REVIEW: The X-Files - The Event Series (Season 10)
George Lucas was criticized by some for wrecking Star Wars when he made the prequel trilogy. Everything he had built up in the first trilogy collapsed.
Chris Carter, meet George Lucas.
Chris tried to continue his X-Files TV series as a theatrical movies series. The last one was disappointing: X-Files - I Want A Refund.
So back to the small screen.
The first season of the X-Files started off with a relatively simple premise: evil aliens are working with the US government. Then as the series continued Chris kept adding to his "mythology," adding more details until it was too convulated to explain even to some fans. He was like a crazed house builder, adding on new extensions and wings that sometimes connected back to each other, creating not a home but a maze.
Thirteen years later Chris brings back his creation as a six episode mini-series. As with each season of the original series he bookends the latest run, the first episode introducing a new revelation and the last one ending up with a cliffhanger.
Even Chris has said the X-F mythology grew spontaneously, no master plan, resulting in an entangled mess. Black oil, alien bounty hunters, alien rebels, disease-carrying bees -- the list goes on ad nauseam. If the series had started more recently it would somehow throw in the ice bucket challenge.
It seems Chris wanted to go back to a simpler set-up with the first episode of Season 10. Fox Mulder learns that everything he thought he knew about the alien invasion is wrong; the whole thing is a governmental hoax.
Sound familiar? This same plotline was used in Season 5's first two episodes, Redux 1 and 2.
Chris has stated that with the latest season he wasn't bound to everything that went on before. Apparently he wanted a simpler set up. Ergo black oil, alien bounty hunters, etc. were flushed down a black hole.
So the conspiracy is now more earthbound, humans not aliens are the villains.
Somehow Mulder and his partner -- former redhead Dana Scully -- are re-instated in the FBI, the X-Files reopened. Sorry, that's too convenient and implausible considering Mulder's previous shenanigans. It would be more believable if he continued with his own X-Files, sometimes being an consultant to the FBI.
Somehow the lead villain, the Cigarette Smoking Man, is back.

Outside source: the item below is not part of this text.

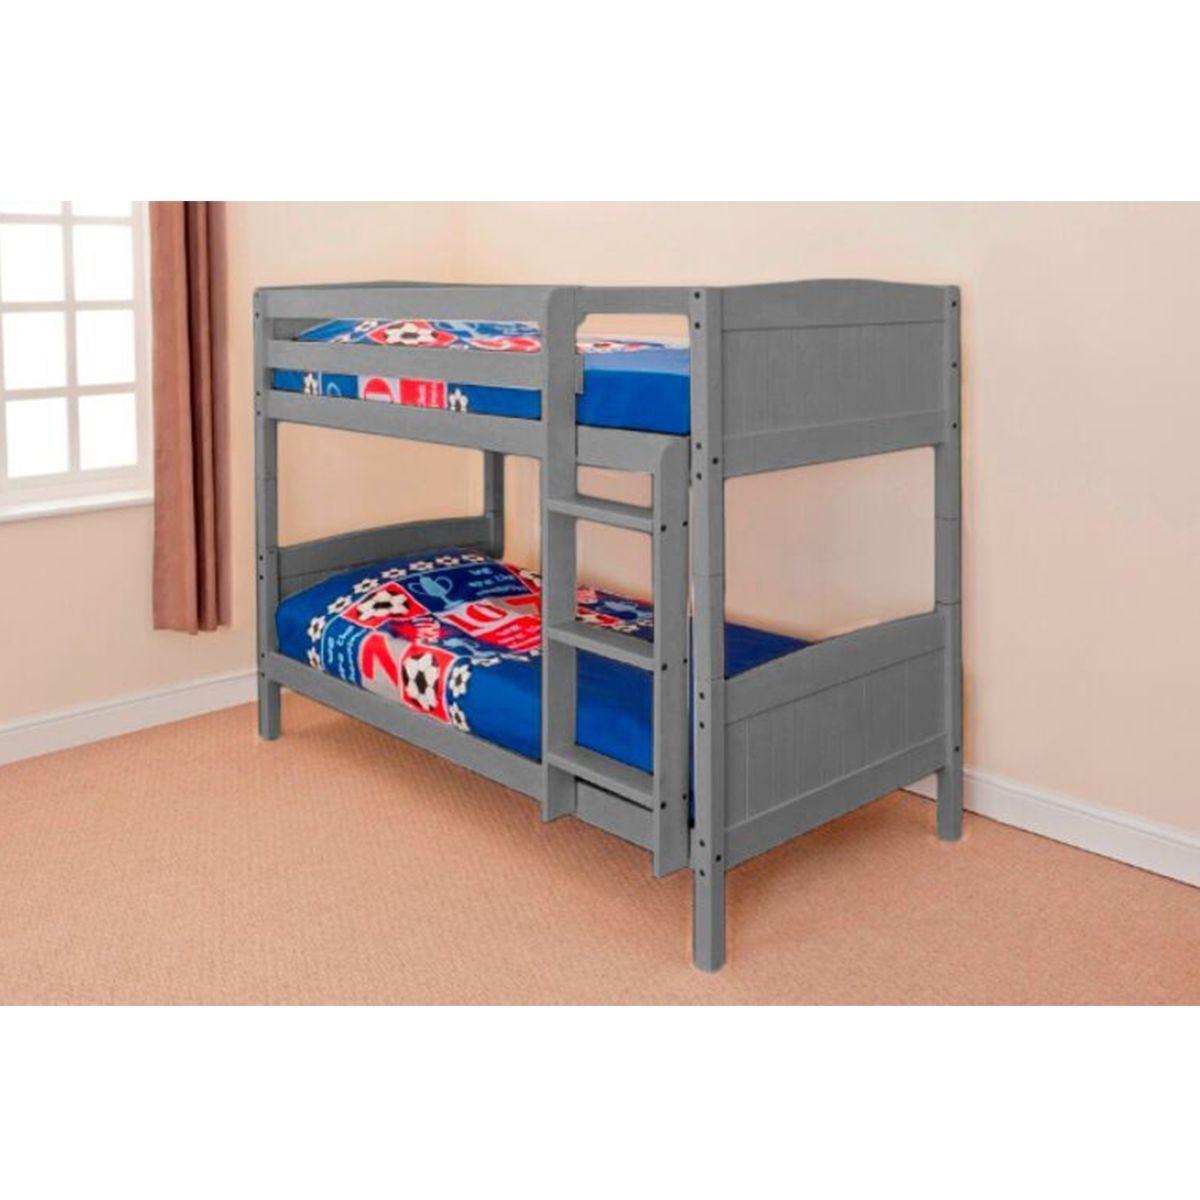 Kensington Single Bunk Bed - Grey

Huh? The last time we saw him was enveloped in flames. There would nothing left but a carbon smudge. Maybe he went to hell but Satan kicked him out for violating the no smoking policy.
The mini-series reintroduces the concept of alien DNA present in humans but the concept is tweaked again. Also there's the return of the global plot to wipe out most of mankind with disease while the elite survive. Last episode in Season 10, the cliffhanger: disease is rampant, the world is in chaos, Mulder is infected and dying. His partner Scully is trying to save him but she's startled to see an alien space craft hovering overhead, apparently showing up to abduct her. Again.
I think Chris should have followed DC Comics' example and hit the reboot button, destroying the entire universe to start anew.
Not all is lost with Season 10. If you enjoyed the comedic episodes of the X-Files then "Mulder and Scully Meet the Were-Monster" is recommended. Not as great as "Jose Chung's From Outer Space" but fairly close.